As an example, let’s look at this CSV formatted file of countries that participated in the 2012 Summer Olympics. Before we begin, rename the file so that it ends in ’.csvh’ instead of ’.csv’. The extension change tells Drill to parse the header of the CSV file, which means we can use the in-file identifiers for column names when we construct our queries.

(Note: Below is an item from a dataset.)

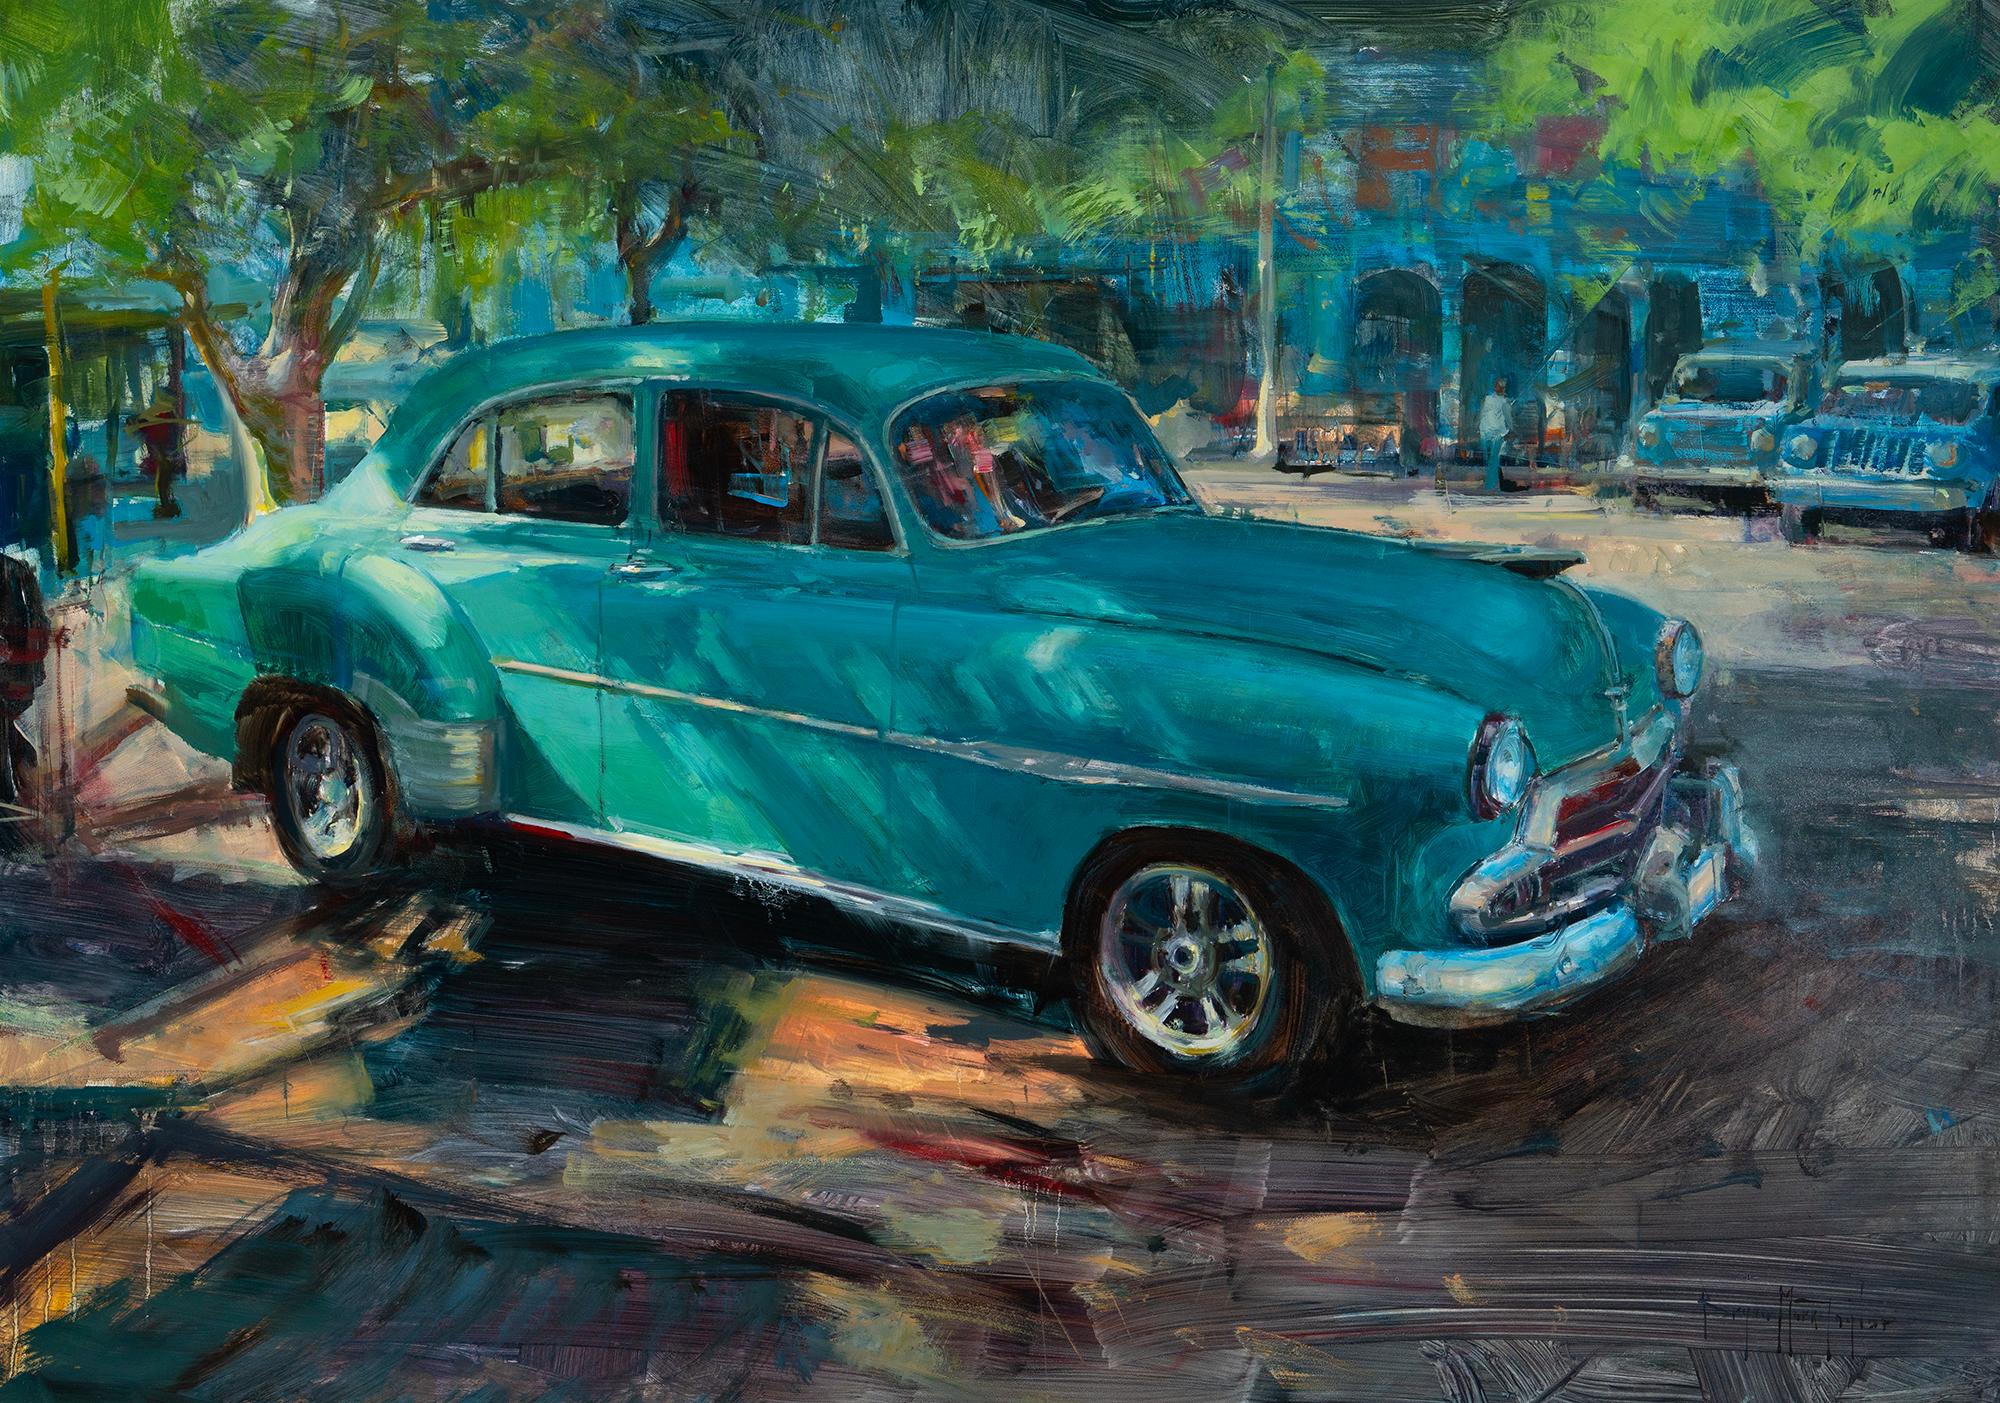 Bryan Mark Taylor Landscape Painting - Modern Impressionist Cityscape "Icon of Havana" Oil

So now we can ask for the 10 countries with the most medals by entering:
> SELECT `Country.name` AS Country, CAST(Total AS INT) `Total Medals` FROM dfs.`/path/to/olympic-medals2012.csvh` ORDER BY `Total Medals` DESC LIMIT 10;
+--------------+---------------+
| Country | Total Medals |
+--------------+---------------+
| US | 104 |
| China | 88 |
| Russia | 82 |
| UK | 65 |
| Germany | 44 |
| Japan | 38 |
| Australia | 35 |
| France | 34 |
| Italy | 28 |
| South Korea | 28 |
+--------------+---------------+
We can also enable header parsing for any extension (including regular .csv files) by using the Drill Web Console to
edit the JSON of a storage plugin. You can open the console by running ‘drill-embedded’ and going to
http://localhost:8047 in a browser. Once you’ve loaded the page, go to “Storage” at the top and click “Update” next to
(for example) the 'dfs’ plugin for the local file system. To enable header parsing for a file type we need to add the
key-value pair "extractHeader": true
to an entry in the “formats” section of the file. For instance, if we change the
plugin so that tab separated (.tsv) files now have their headers read, then the section for that format would read:
...
"tsv": {
"type": "text".
"extensions": [
"tsv"
],
"extractHeader": true,
"delimiter": "\t"
},
...
Drill was already an amazing tool for querying text files. But header parsing makes it even better!